In science, adversarial collaboration is a modality of collaboration wherein opposing views work together in order to jointly advance knowledge of the area under dispute. This can take the form of a scientific experiment conducted by two groups of experimenters with competing hypotheses, with the aim of constructing and implementing an experimental design in a way that satisfies both groups that there are no obvious biases or weaknesses in the experimental design. Adversarial collaboration can involve a neutral moderator and lead to a co-designed experiment and joint publishing of findings in order to resolve differences. With its emphasis on transparency throughout the research process, adversarial collaboration has been described as sitting within the open science framework.

== History ==
One of the earliest modern examples of adversarial collaboration was a 1988 collaboration between Erez and Latham with Edwin Locke working as a neutral third party. This collaboration came about as the result of a disagreement from the field of Goal-Setting research between Erez and Latham on an aspect of goal-setting research around the effect of participation on goal commitment and performance. Latham and Erez designed four experiments which explained the differences between their individual findings, but did not coin the term adversarial collaboration. Independently, to Erez, Locke and Latham whose work he was unaware of, Daniel Kahneman developed a similar protocol for adversarial collaboration around ten years later and may have been the first to use the term adversarial collaboration. More recently, Clark and Tetlock have proposed adversarial collaboration as a vehicle for improving how science can self-correct through exploring rival hypotheses which will ultimately expose false claims. Their work has led to the University of Pennsylvania School of Arts & Sciences creating the Adversarial Collaboration Project which seeks to encourage the use of adversarial collaboration as a research approach to address a variety of research questions.

== Benefits ==
Adversarial collaboration has been recommended by Daniel Kahneman and others as a way of reducing the distorting impact of cognitive-motivational biases on human reasoning and resolving contentious issues in fringe science. It has also been recommended as a potential solution for improving academic commentaries.

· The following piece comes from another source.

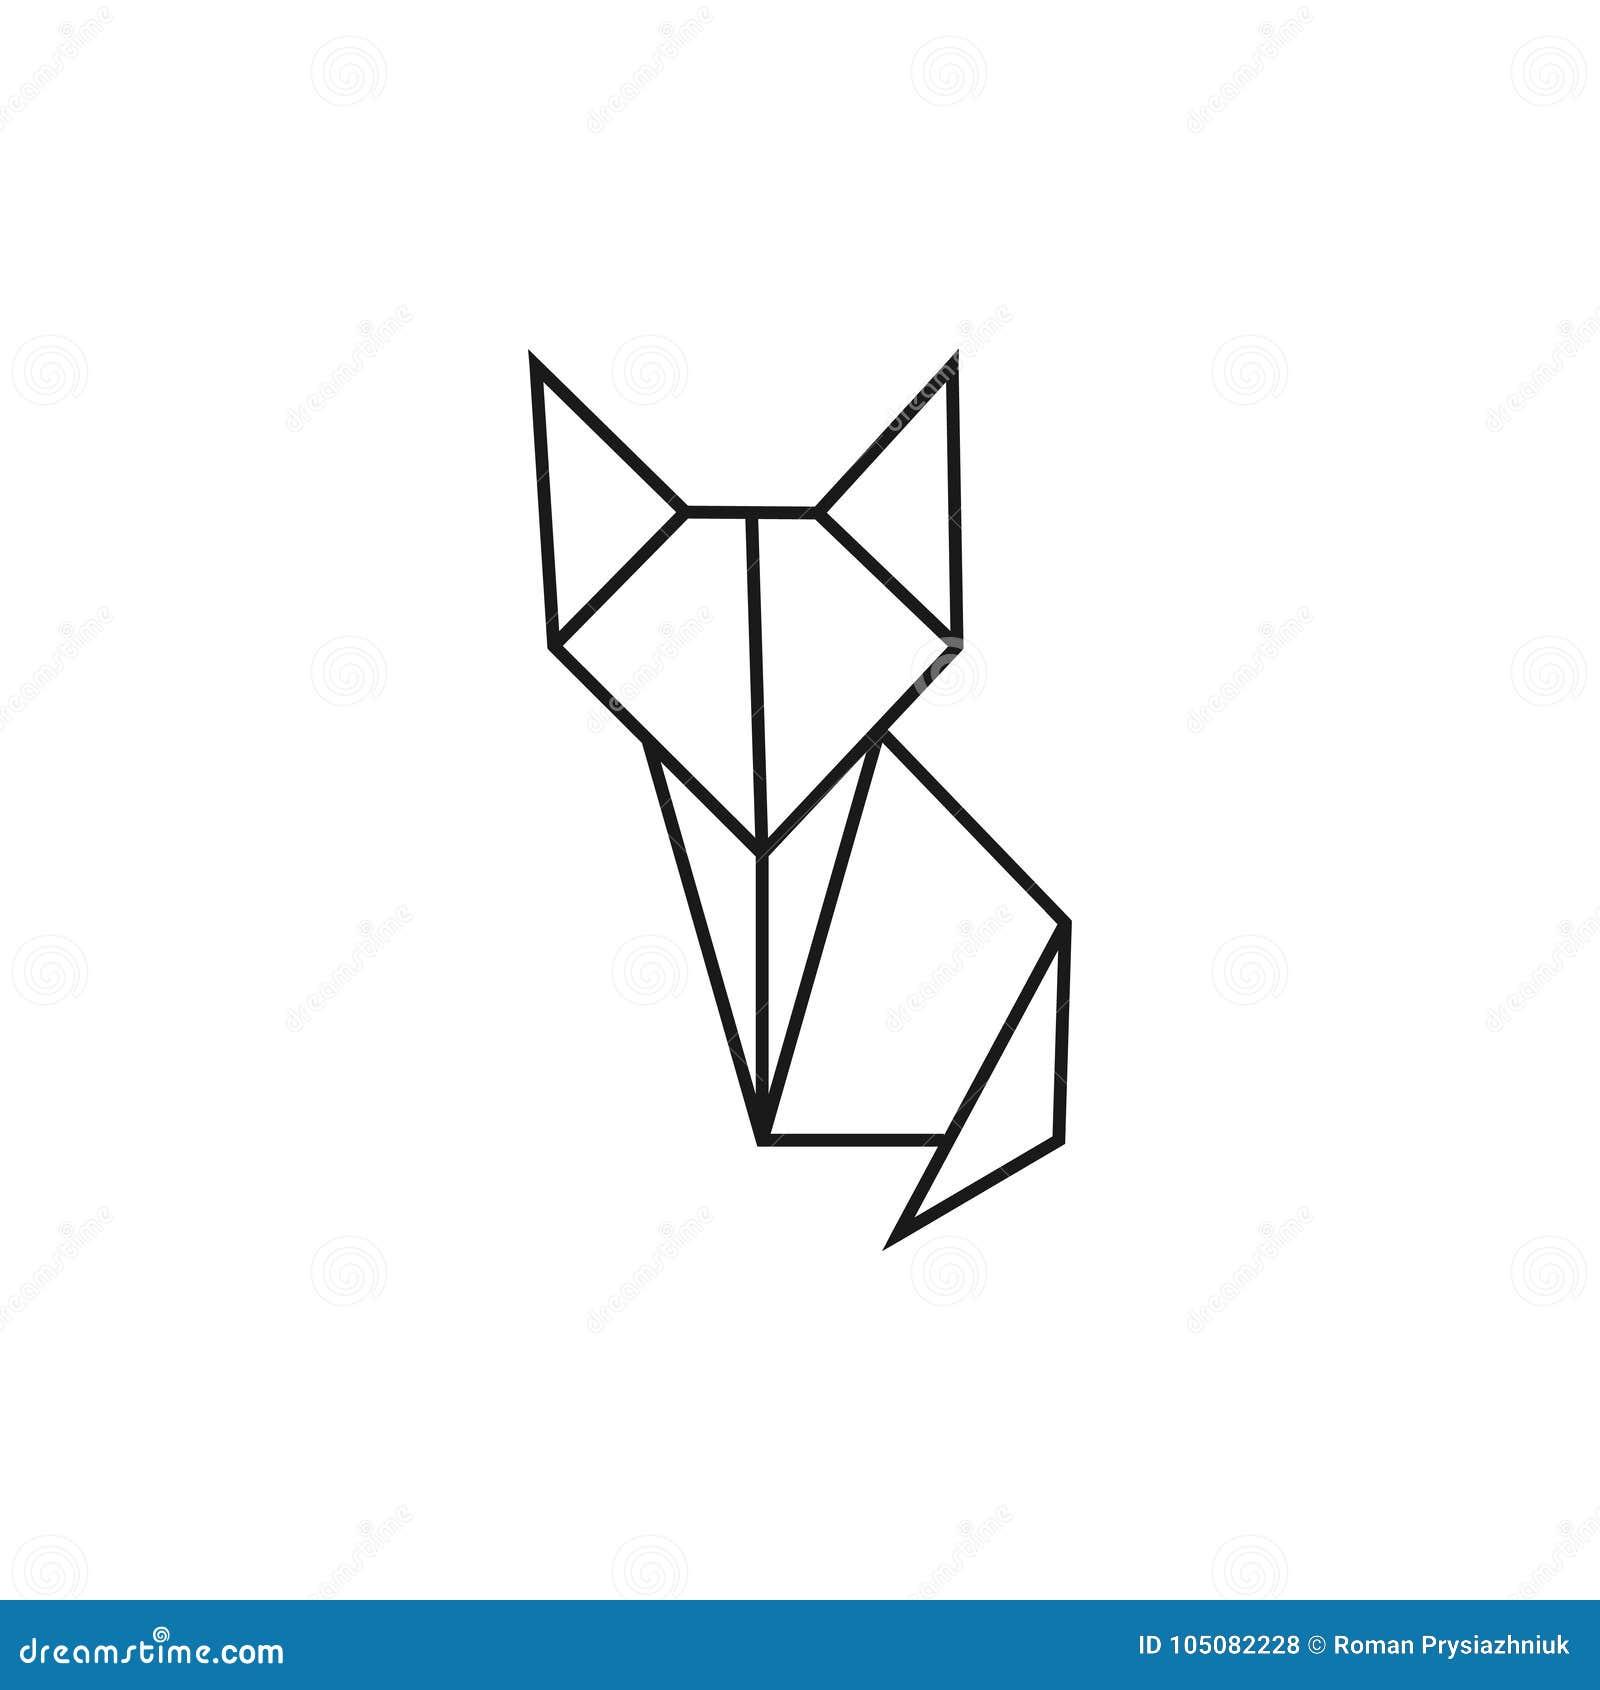 Origami Kot Geometryczny Kreskowy Kształt Dla Sztuki Fałdowy Papier

Philip Tetlock and Gregory Mitchell have discussed it in various articles. They argue:

Adversarial collaboration is most feasible when least needed: when the clashing camps have advanced testable theories, subscribe to common canons for testing those theories, and disagreements are robust but respectful. And adversarial collaboration is least feasible when most needed: when the scientific community lacks clear criteria for falsifying points of view, disagrees on key methodological issues, relies on second- or third-best substitute methods for testing causality, and is fractured into opposing camps that engage in ad hominem posturing and that have intimate ties to political actors who see any concession as weakness.